Task description: In the copy, include exactly the lines from the one with "Lever Action 410Ga" through the end of the data and no others, both ends kept, with every picture left out.

Material provided:

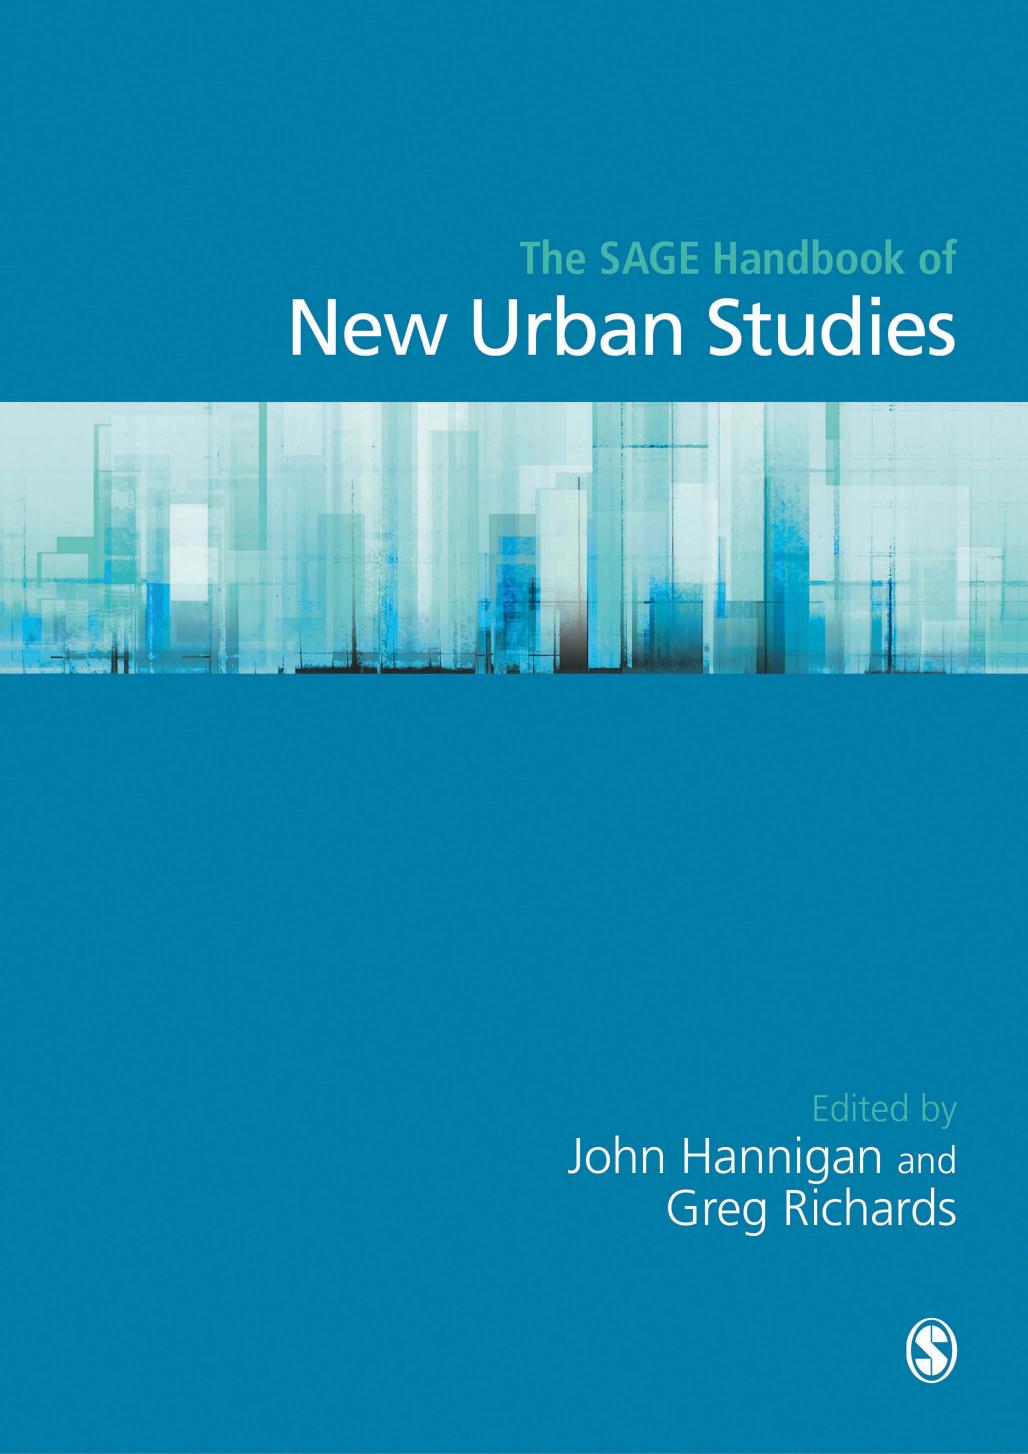 2017. NEW URBAN STUDIES AND TOURISM. RICHARDS
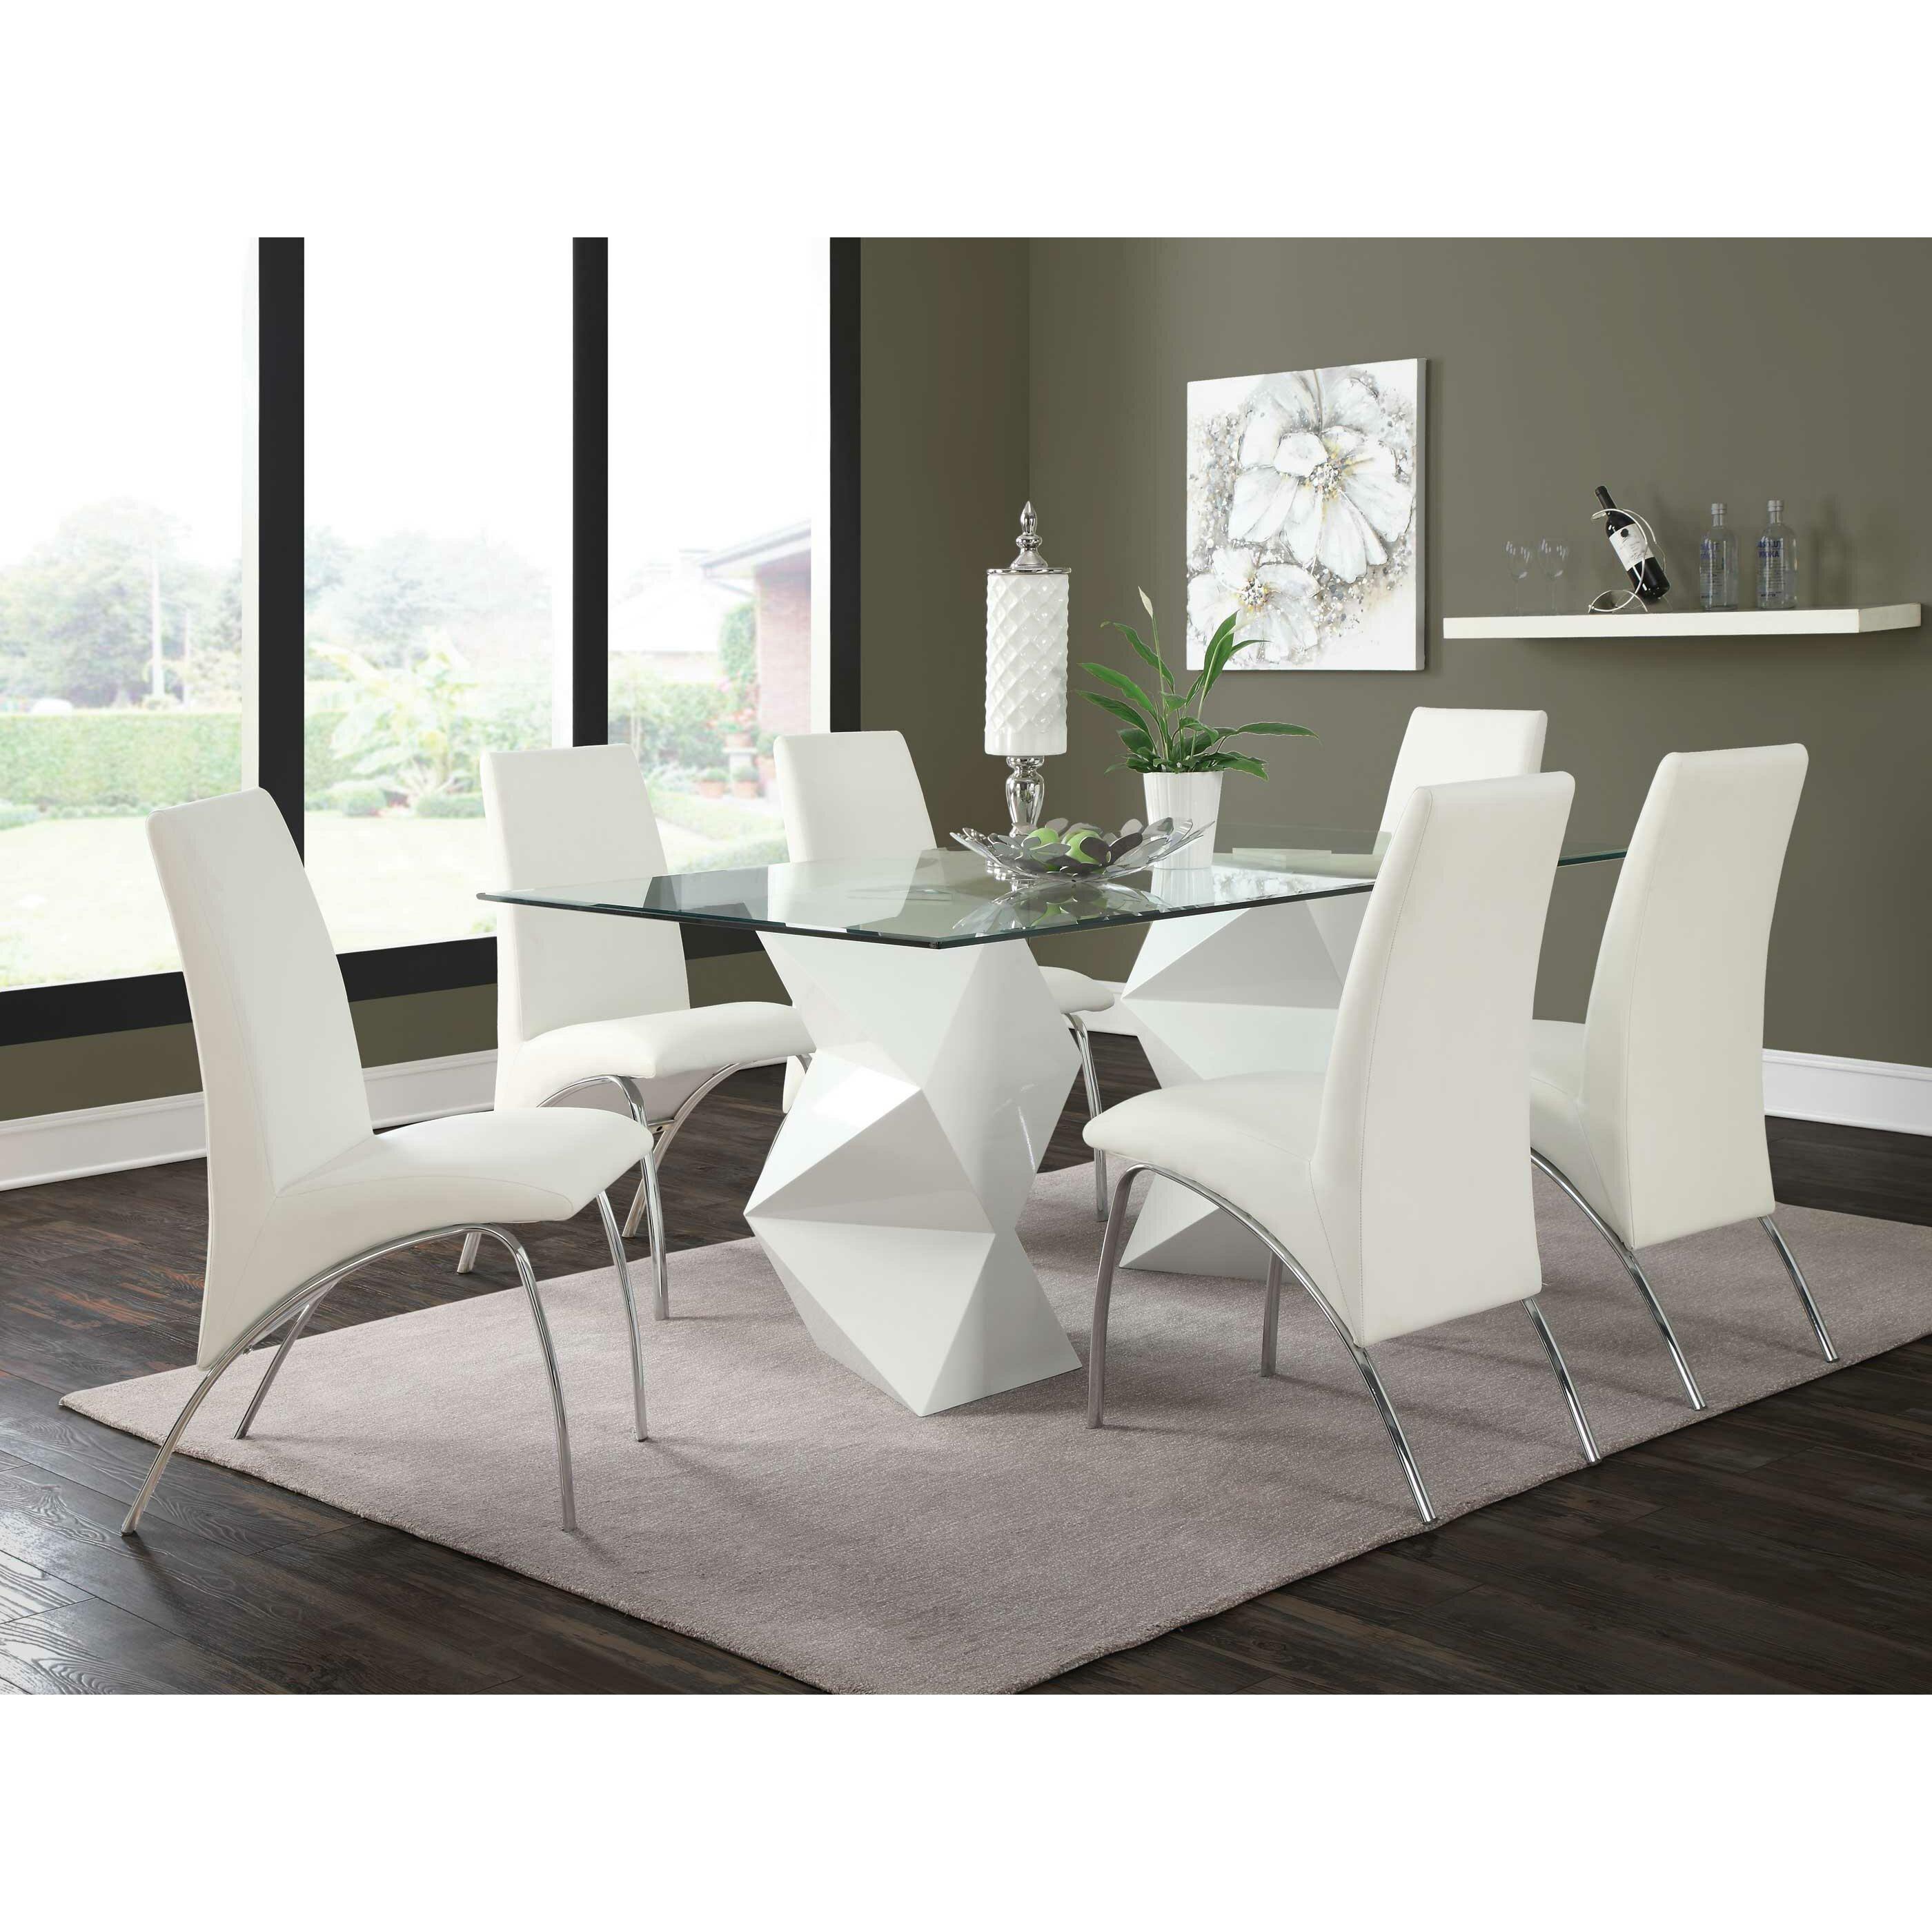 Wade logan delilah dining table reviews wayfair for Sofa esstisch
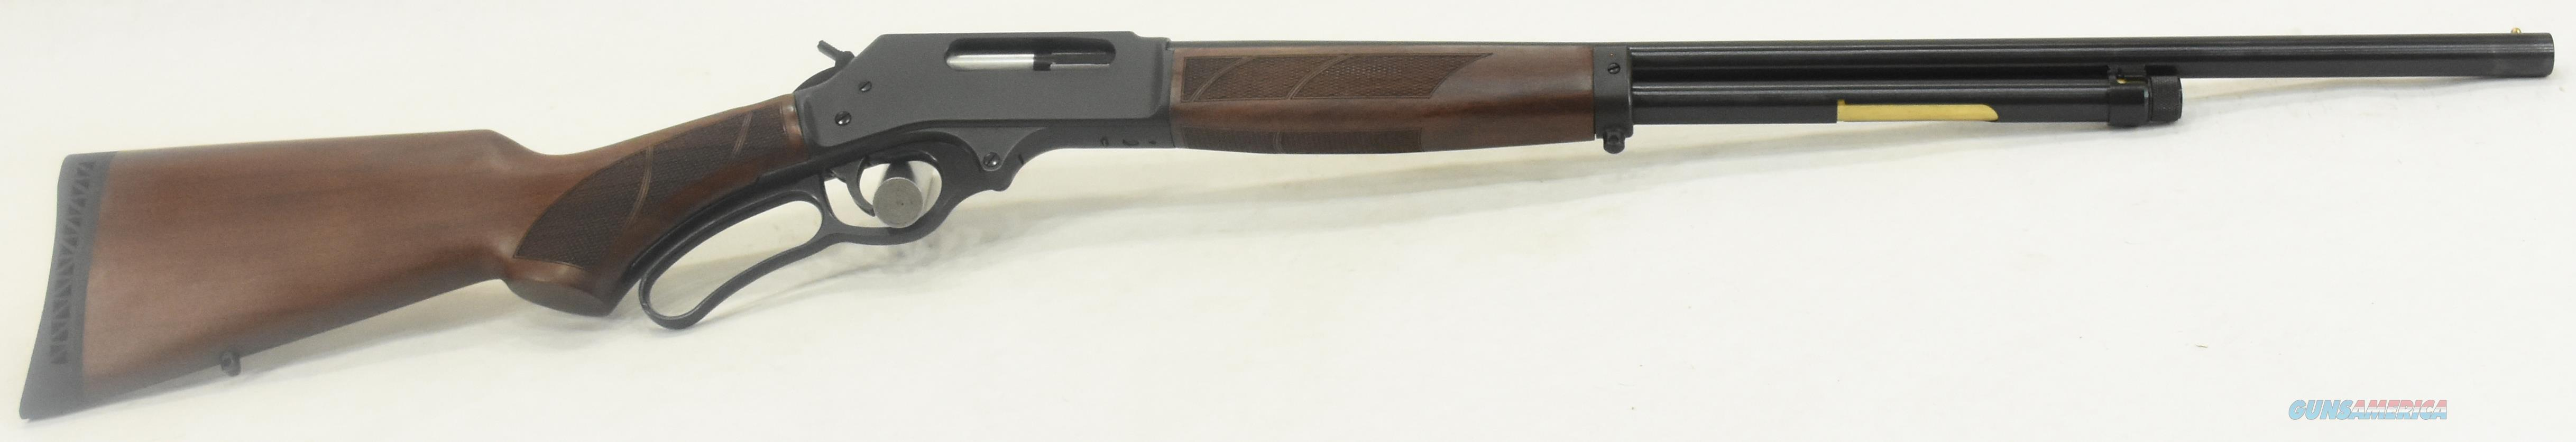 Lever Action 410Ga Choke Tubes 24In  H018-410  Guns > Rifles > Henry Rifles - Replica
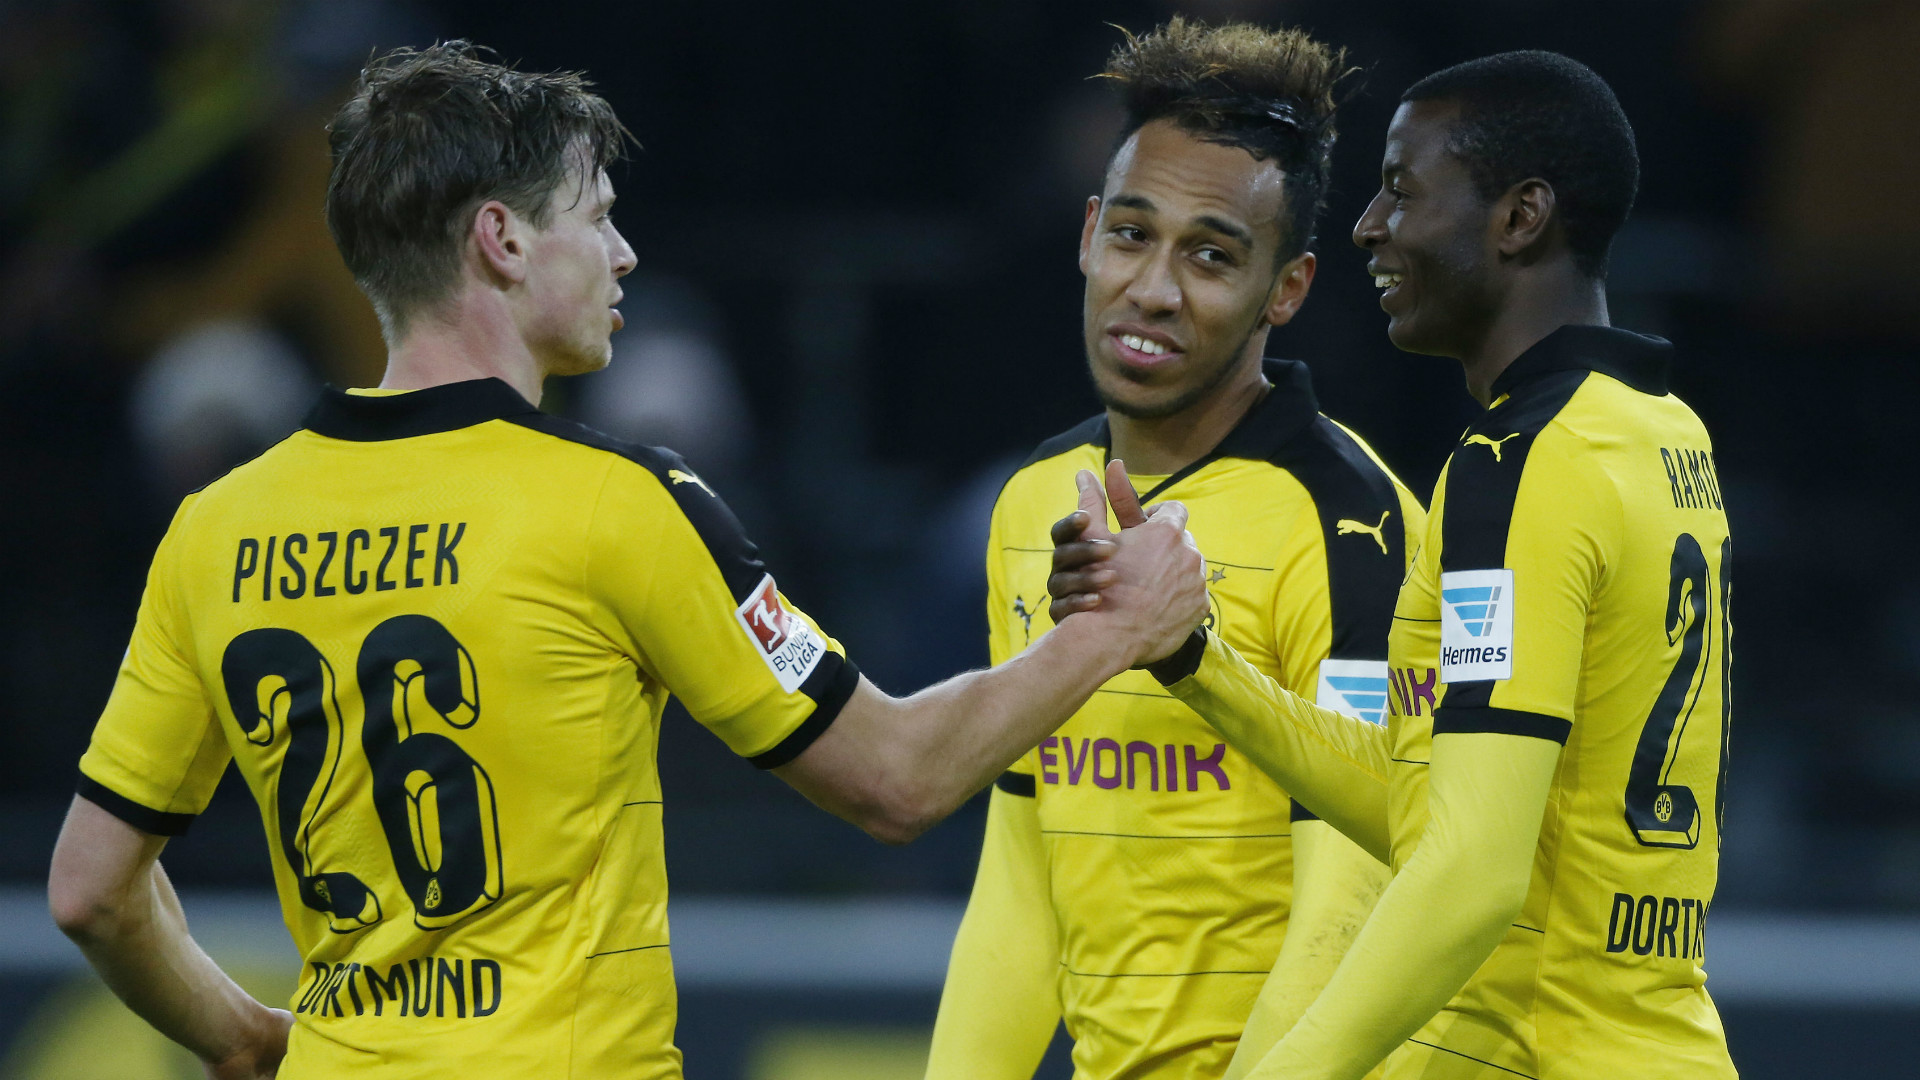 Lukasz Piszczek Adrian Ramos Pierre Emerick Aubameyang Borussia Dortmund

Exercise result:
 Lever Action 410Ga Choke Tubes 24In  H018-410  Guns > Rifles > Henry Rifles - Replica
 Lukasz Piszczek Adrian Ramos Pierre Emerick Aubameyang Borussia Dortmund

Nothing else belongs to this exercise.